KDCD
- San Angelo, Texas; United States;
- Frequency: 92.9 MHz
- Branding: Lonestar 92.9

Programming
- Format: Country
- Affiliations: Westwood One

Ownership
- Owner: Four R Broadcasting
- Sister stations: KMDX

History
- First air date: June 1, 1980
- Former call signs: KBIL (1980–1985); KBIL-FM (1985–1993);
- Call sign meaning: To accompany former "CD Country" moniker

Technical information
- Licensing authority: FCC
- Facility ID: 55491
- Class: C1
- ERP: 100,000 watts
- HAAT: 183 meters (600 ft)
- Transmitter coordinates: 31°26′8.5″N 100°34′9.3″W﻿ / ﻿31.435694°N 100.569250°W

Links
- Public license information: Public file; LMS;
- Webcast: Listen Live
- Website: lonestar929.com

= KDCD =

KDCD (92.9 FM, "Lonestar 92.9") is a radio station playing a country music format in San Angelo, Texas, United States.
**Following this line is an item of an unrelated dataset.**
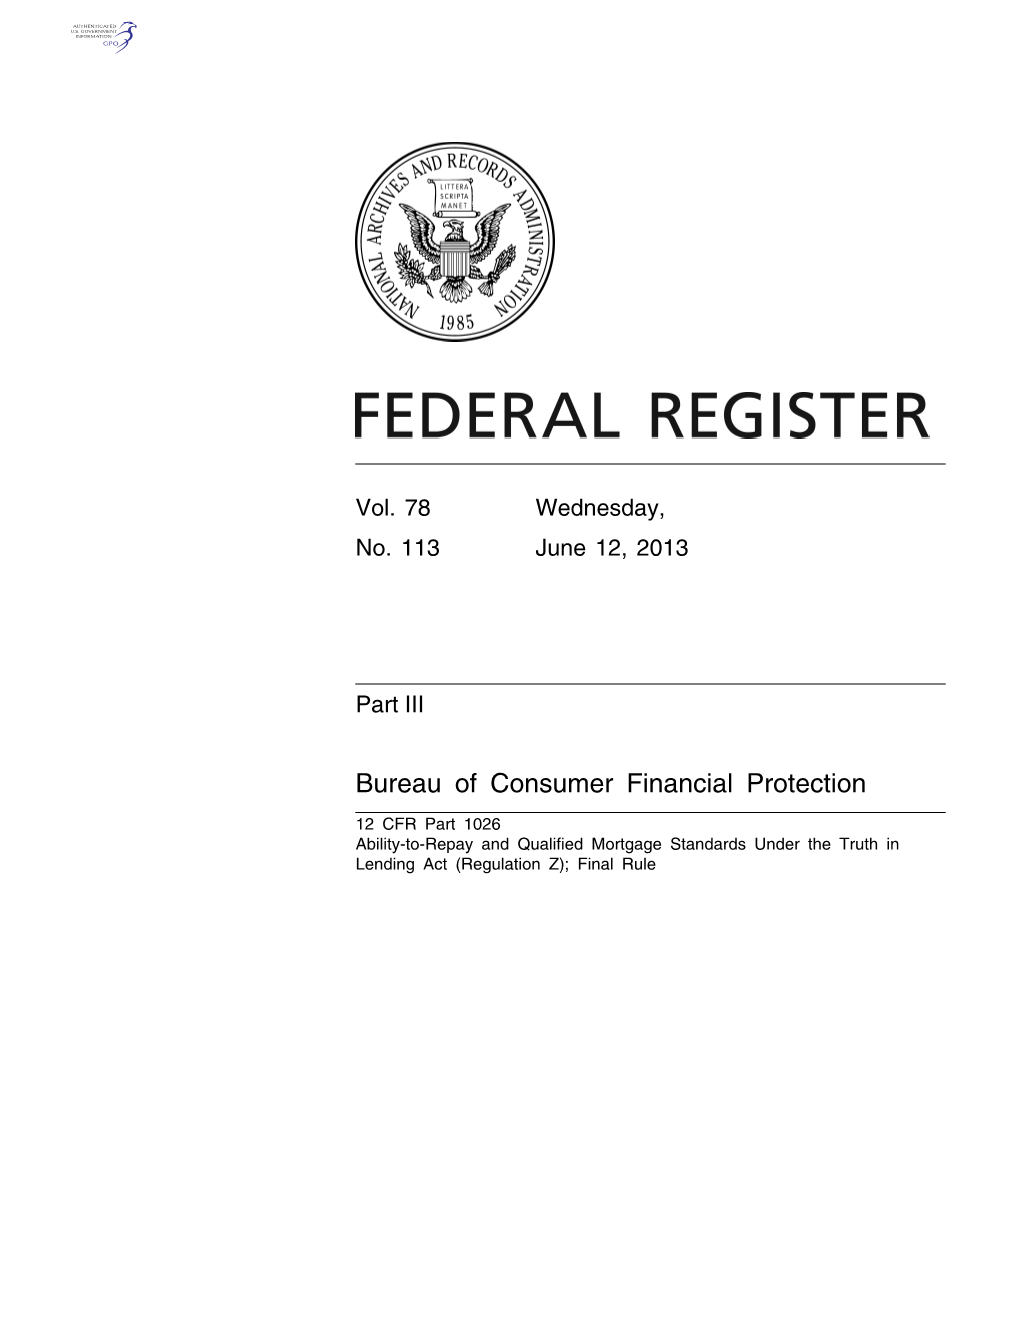 Bureau of Consumer Financial Protection

The radio station is owned by Four R Broadcasting, Inc.

==History==
===KBIL===
On August 31, 1977, San Angelo Broadcasters, Inc., a group headed by Bill Jamar of Brownwood, applied to the Federal Communications Commission (FCC) for a construction permit to build a new 100,000-watt FM radio station in San Angelo on 92.9 MHz. The permit was granted on May 29, 1979, and work on studios in the Plaza Tower began early the next year. Airing an adult contemporary format, KBIL began broadcasts in late May and officially started on June 1, 1980.

In 1982, Jamar sold off his stations in Waco and Monahans and began to seek a buyer for KBIL and his two stations in Brownwood. That December, an application was filed with the FCC to sell the stations to a consortium linked to the Ranchlander National Bank, a recently closed financial institution in Melvin. The Baron Radio Corporation, the proposed purchaser, was headed by Roger W. Pipkin III, the bank's former president. However, the defunct Ranchlander was already embroiled in controversy relating to the broadcasting industry. In October, it and its officers were sued in a civil case that alleged that it had defrauded KVEO-TV, a new television station at Brownsville, of tens of thousands of dollars; that November, the bank was declared insolvent by federal officials and closed after 75 years in business. When contacted by the San Angelo Standard-Times, Pipkin, listed as the sole owner of Baron, denied any involvement or even knowledge of the filing, which had been prepared by Lawrence Ludka, also a Ranchlander associate. Jamar then withdrew the application.

Jamar instead sold KBIL in 1983 to Triangle Texas Media of Tyler. The new owners inherited the second-most-listened-to station in town; two years later, however, they sued Jamar and the manufacturer of the transmitter for misrepresentations. It claimed Jamar inflated cash flow figures for the station and thus overvalued it by at least $500,000 and that CSI Electronics had produced a defective transmitter and would not fix it. The civil case went to a jury trial in 1987. In 1984, Triangle Texas acquired a daytime-only AM station, KHOS (1420 AM), and renamed it KBIL. By 1990, KBIL AM had split off again with an oldies format.

===More than two years of silence===
Regional economic troubles at the end of the 1980s would take a serious toll on the Burke radio interests, including KBIL and KMHT-AM-FM across the state in Marshall. In June 1990, the station laid off three employees citing a "poor business climate". The entire sales staff was dismissed at the end of August, and on September 9, KBIL-AM-FM shut down. A judge appointed a receiver at the request of Connecticut National Bank, which had loaned the KBIL stations $1.3 million in 1988 and was not being paid back with $800,000 still owing; the Internal Revenue Service filed a tax lien for more than $16,000.

The AM transmitter facility was heavily damaged by arson in October 1990; the building and its contents were not insured, and the station never returned to air.

===KDCD===
In December 1990, the receiver entered into a deal to sell KBIL-FM to Regency Broadcasting Inc., whose stakeholders were from Amarillo, for $186,000. The Auldridge family, majority owners of Regency, moved from Amarillo to San Angelo after the purchase.

San Angelo-area listeners would have to wait more than two years for the station's return, but in March 1993, KBIL-FM was reactivated as a country music station under the name KDCD. Regency expanded its presence in San Angelo in 1998 by starting KMDX (106.1 FM) and moved the stations into their present quarters at 3434 Sherwood Way in 1999.

In 2007, Four R Broadcasting, whose other stations were in eastern New Mexico, acquired KDCD and KMDX from Regency for $1.5 million.